* [Action item] Return each line of the data below exactly, omitting any pictures.

* [Information shown]
-- Opening Marker --
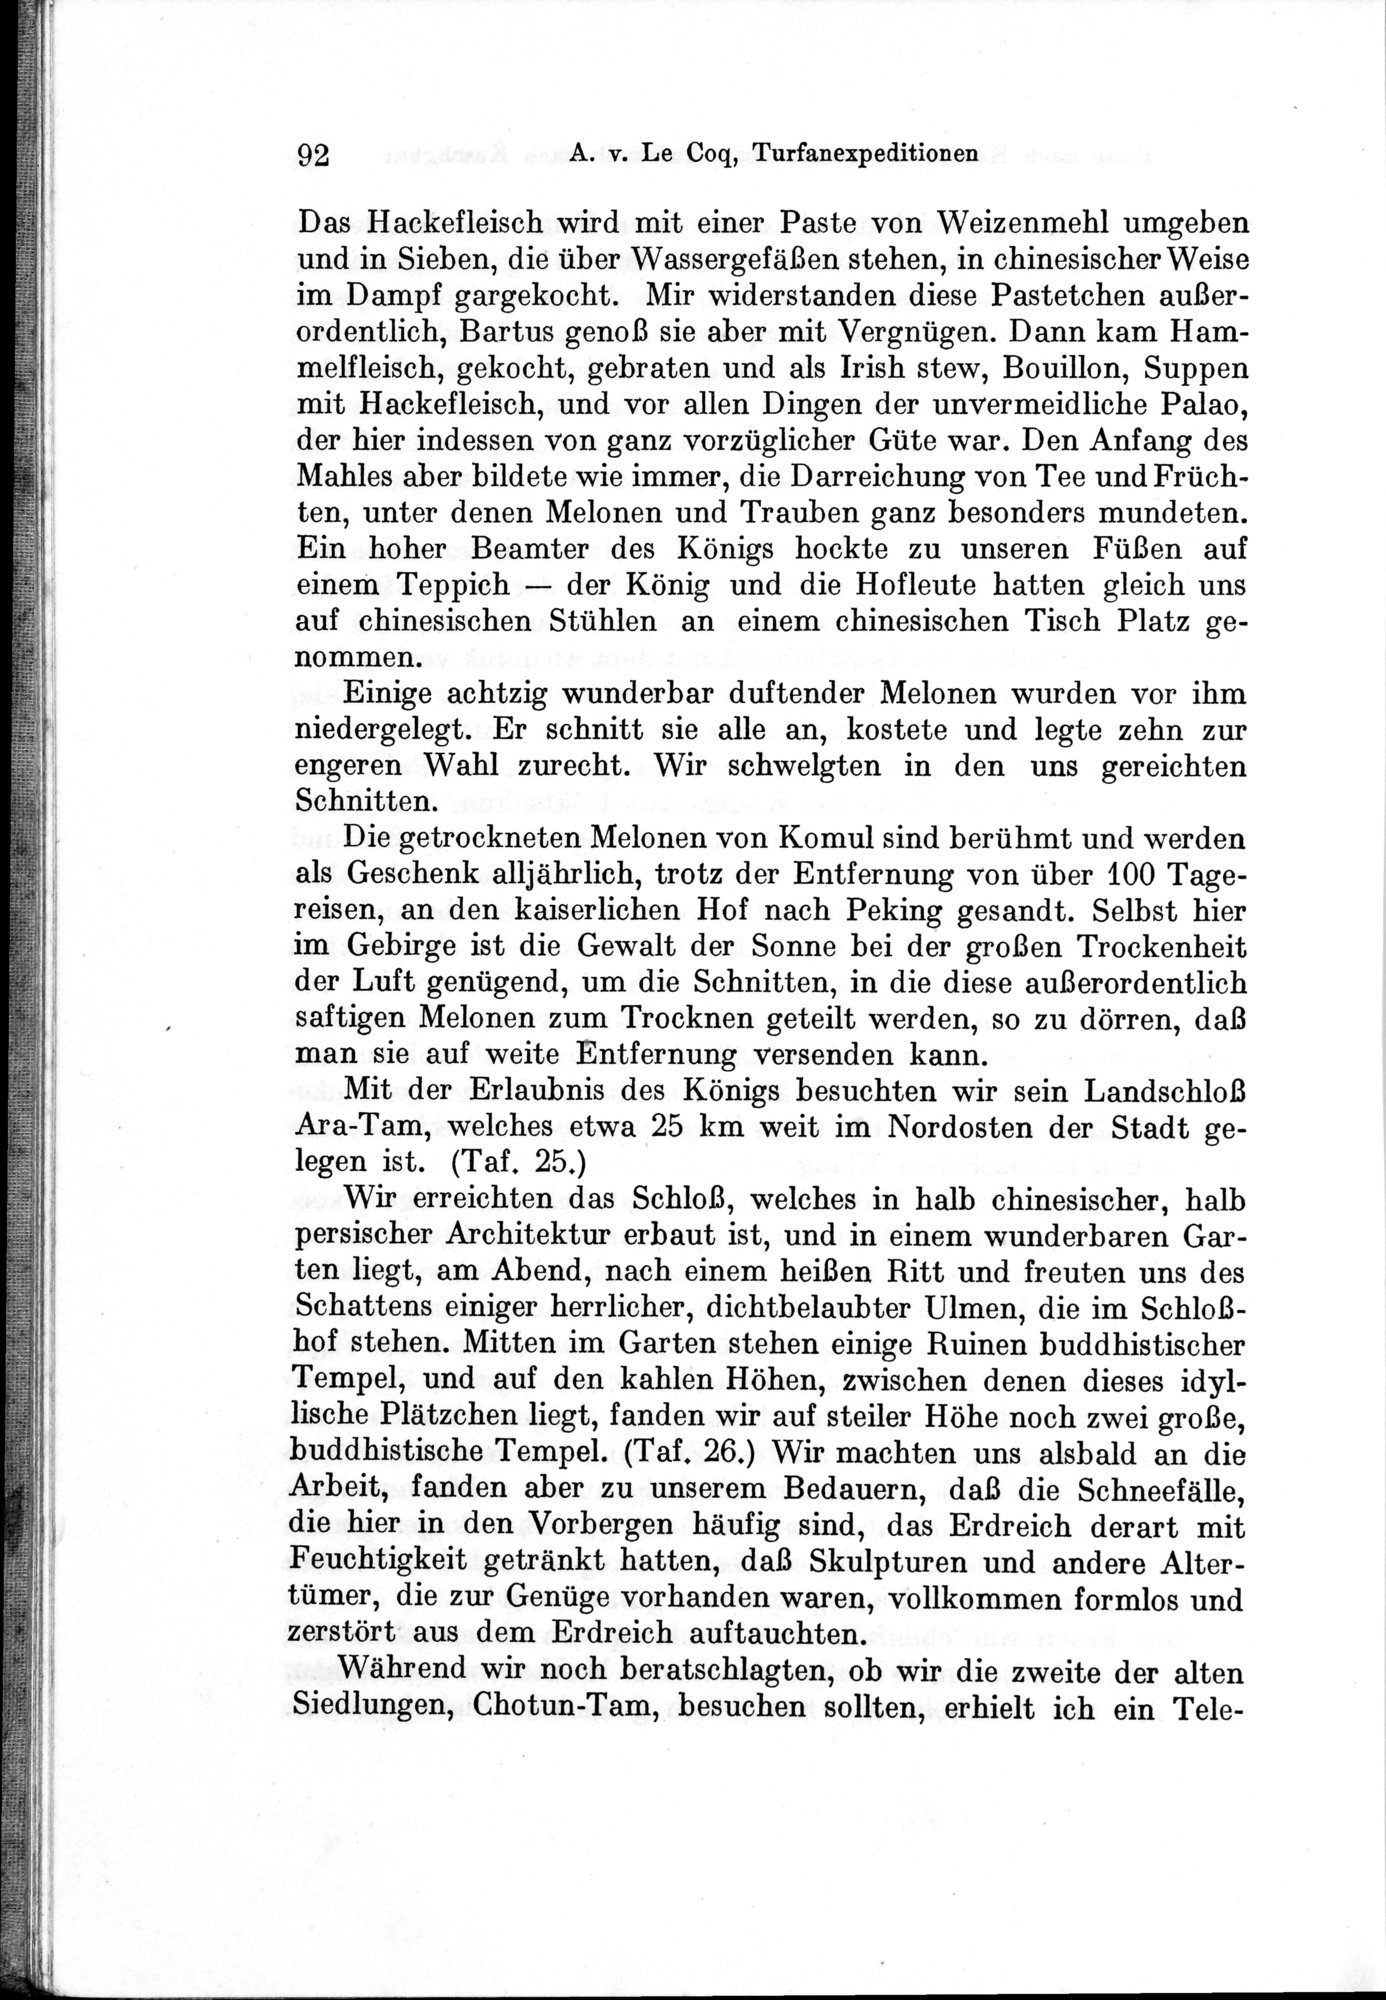 Auf Hellas Spuren in Ostturkistan : vol.1 / Page 136 (Grayscale High Resolution Image)
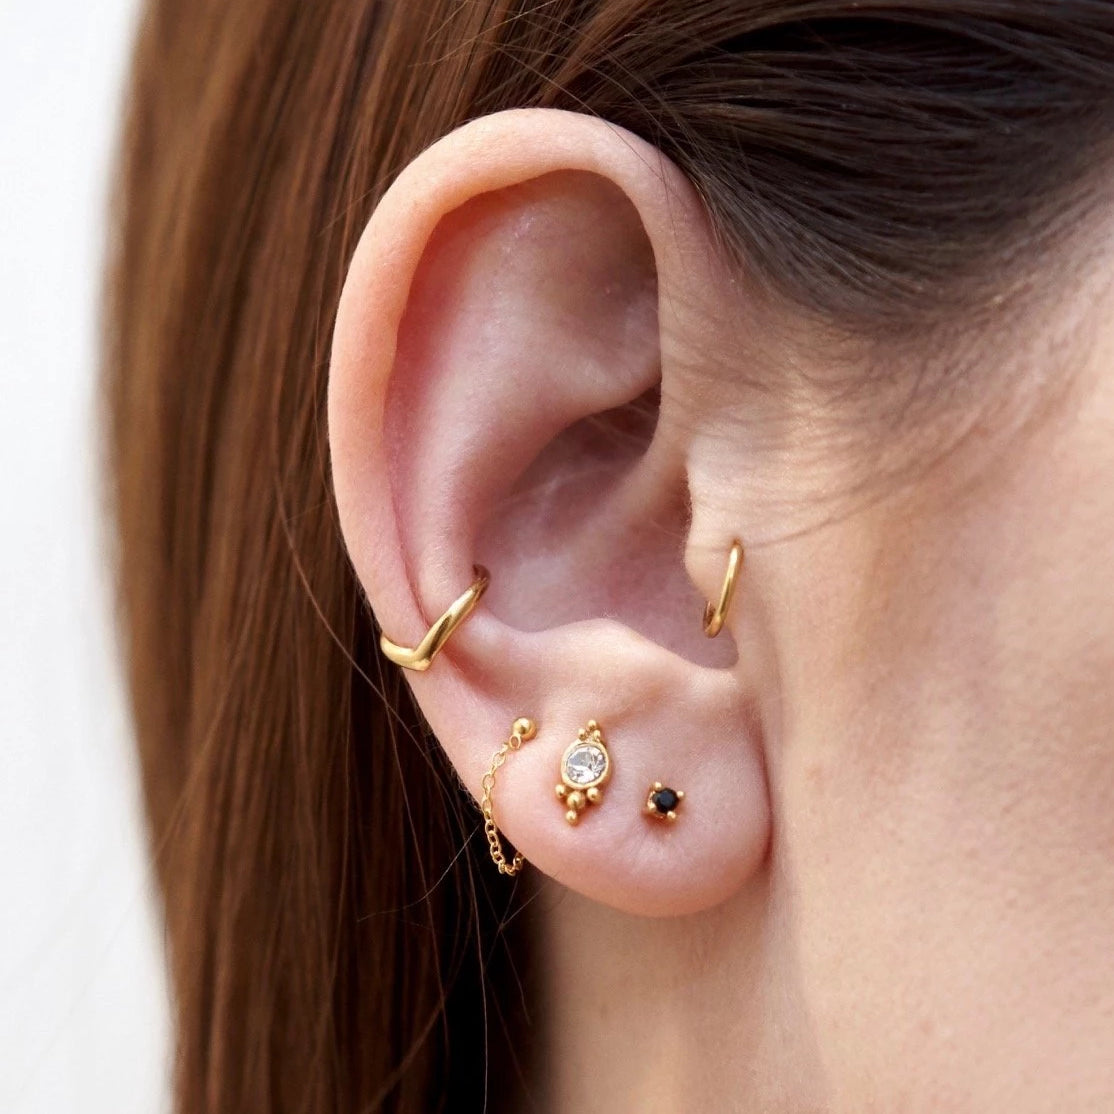 J&CO Jewellery Mini Bezel Stud Earrings
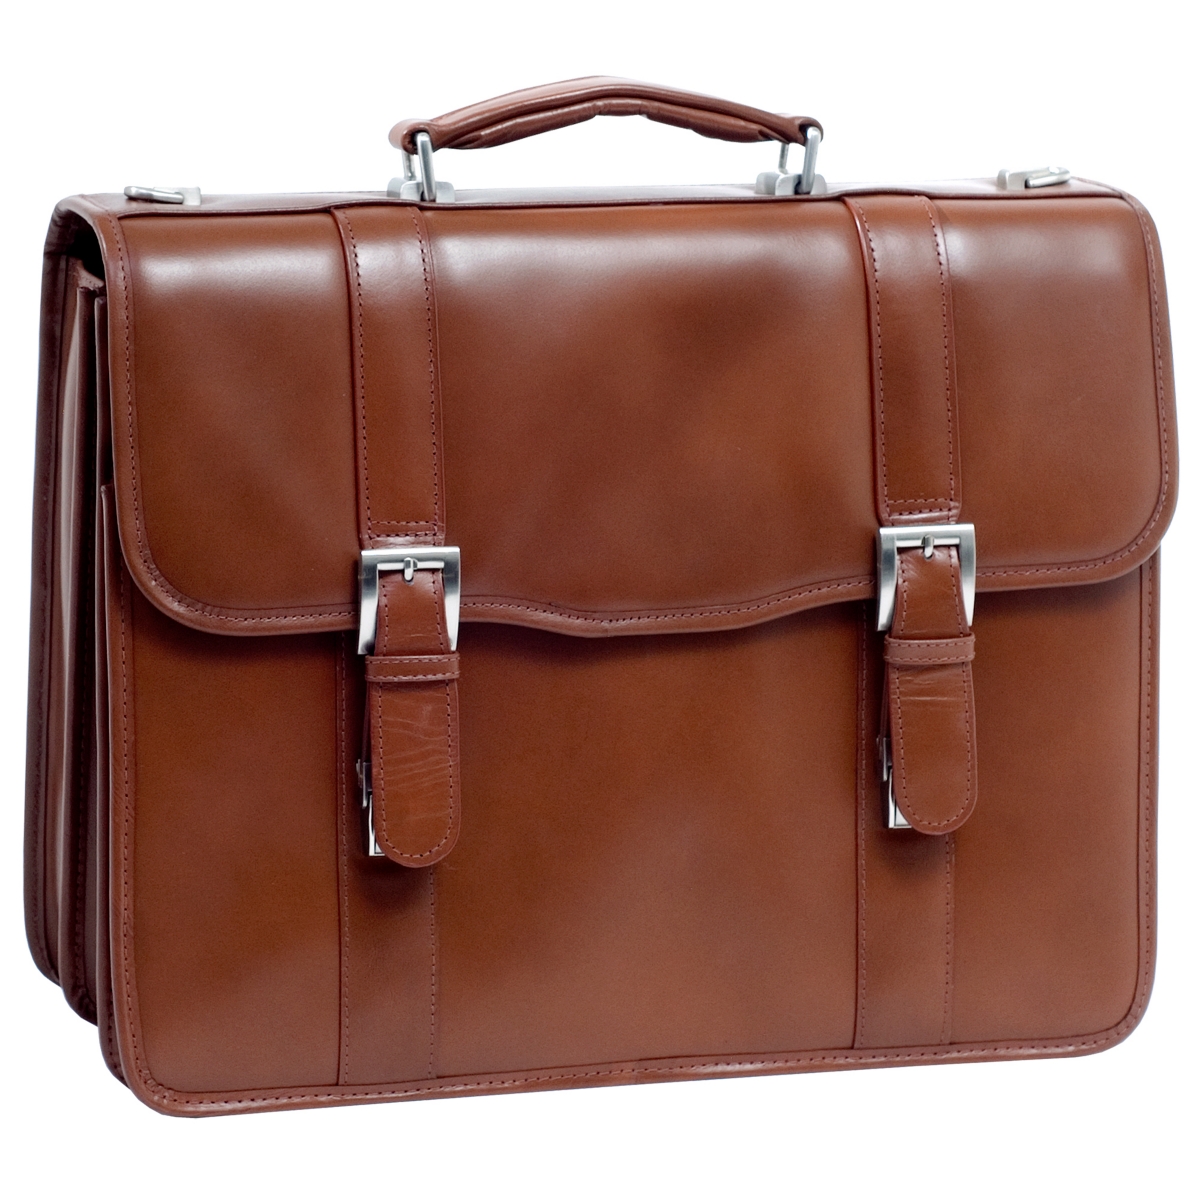 Flournoy, 15" Double Compartment Laptop Briefcase - Brown
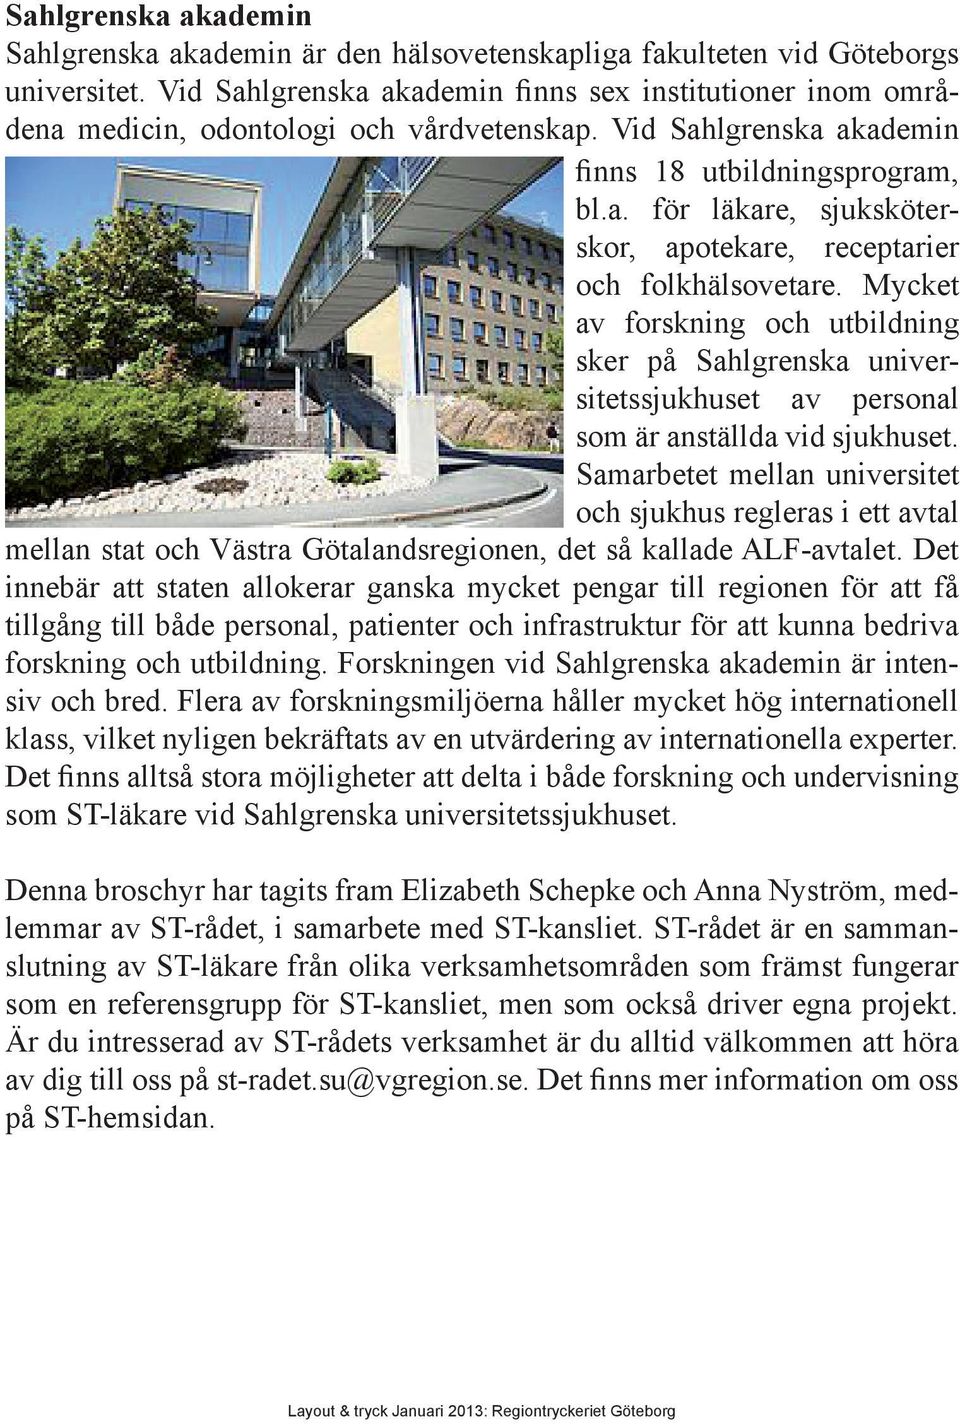 Mycket av forskning och utbildning sker på Sahlgrenska universitetssjukhuset av personal som är anställda vid sjukhuset.
-- Closing Marker --
* [Written answer]
 Auf Hellas Spuren in Ostturkistan : vol.1 / Page 136 (Grayscale High Resolution Image)
 J&CO Jewellery Mini Bezel Stud Earrings
 Flournoy, 15" Double Compartment Laptop Briefcase - Brown
 Mycket av forskning och utbildning sker på Sahlgrenska universitetssjukhuset av personal som är anställda vid sjukhuset.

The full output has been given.